In many ways, Warner's batting is a bit like his history with social media. It is instinctive, exciting and prone to spectacular crashes. A defensive mindset is a last resort for him. Some of that is just unique to the man himself and makes him the match-winner that he undoubtedly can be when the stars are aligned. Ironically one of his most defining knocks in Test cricket was not a match-winning knock but a brave, out-of-character innings in a losing cause against New Zealand in Hobart in 2012. But even that innings was not one of dour defence - it showcased the depth of his game and what he is capable of. It also showed that he can eschew "bad risk" and display maturity when he really wants to, which might undermine his defence in this latest Twitter episode - that he is essentially an instinctive beast who finds it impossible to rein in his natural instinct to get on the front foot, so to speak. He has proved that he can occasionally show good shot selection.

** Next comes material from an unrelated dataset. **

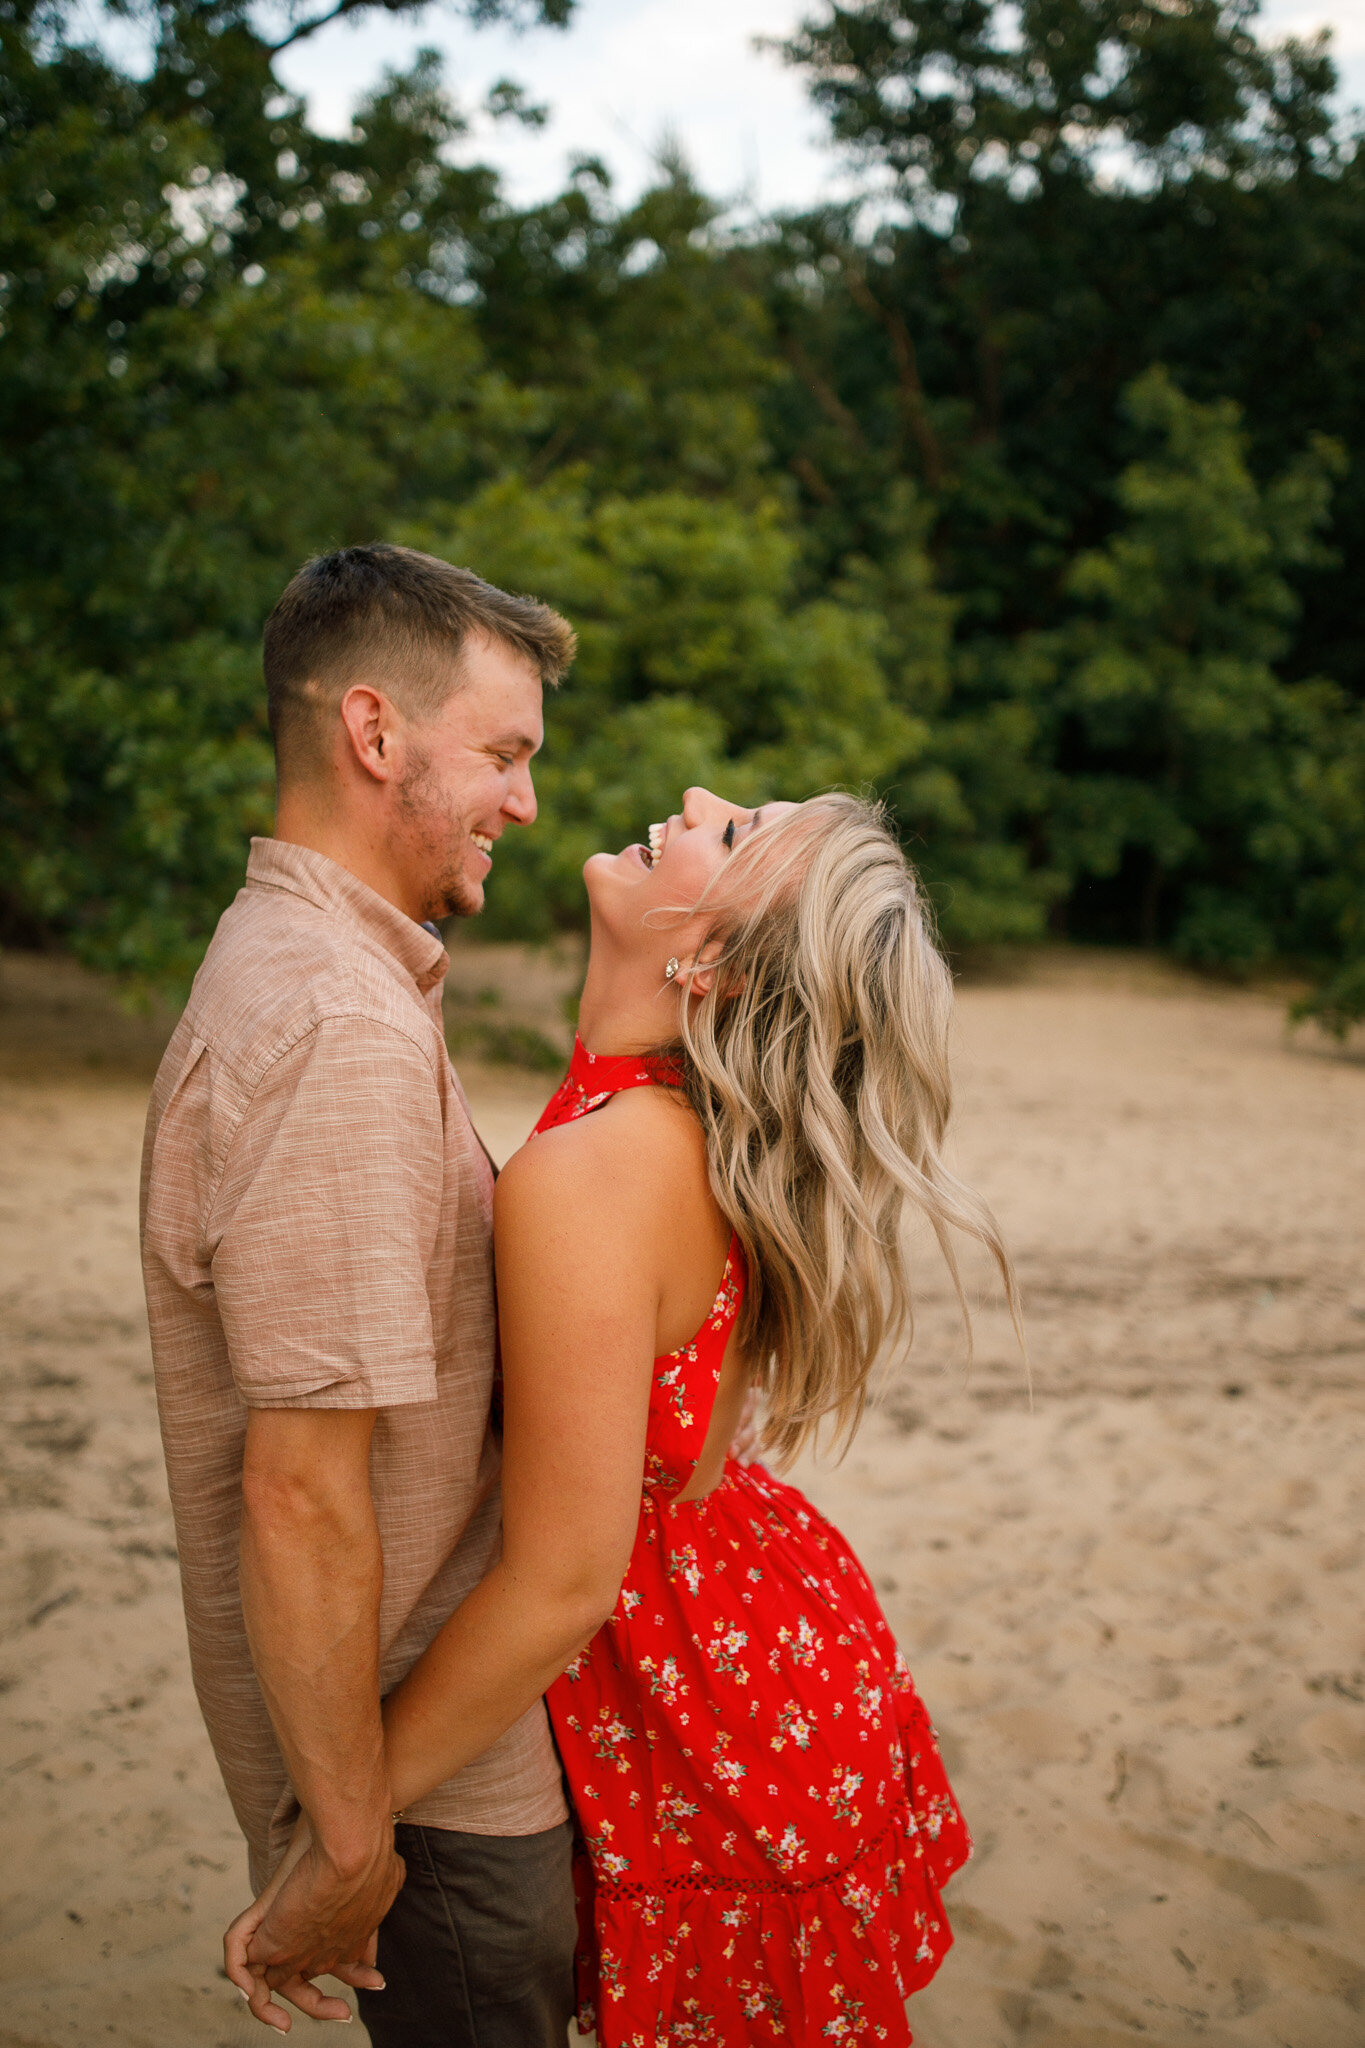 Chris and Kaleen Summer 2020 - Provin Trails - Grand Rapids Wedding Photographer - West Michigan Wedding Photographer - J Darling Photo 018.jpg

His is a classic case of a young man whose frontal-lobe development is still in the formative stage and is therefore prone to impulsive action before rational consequence-based thought. Throw in a medium (Facebook, Twitter, Instagram) that is instant in its nature and that's a recipe for disaster. So many young people I work with in this area of education around the perils of social media just don't realise how dangerous it can be to have access to a technology that is instantaneous, married to a young, developing brain that is hard-wired to act first, think later. The intelligent ones have learned to recognise this beast for what it is, and they employ various methods to buy time until the "red mist" has passed and they can assess their social media post in a slightly clearer light. A good night's sleep is often the best way to buy time, assuming that Twitter doesn't (yet) have the concept of a drafts folder. I suppose it really wouldn't work with Twitter anyway because the whole point of it is to be instant and instinctive.

It is not the first time Warner has been burned by this medium. His unseemly tête-à-tête with Tasmanian and Australian fast bowler Brett Geeves a few years ago should have taught him some lessons about playing with fire. He escaped relatively scot-free on that occasion (as I suspect he will do this time too) and whilst this will be good for him in the short-term, one wonders if any lasting lessons will be learned from another slap on the wrist. A fine of a few thousand dollars will hardly hurt a millionaire. It certainly won't burn any memories into his still-developing brain.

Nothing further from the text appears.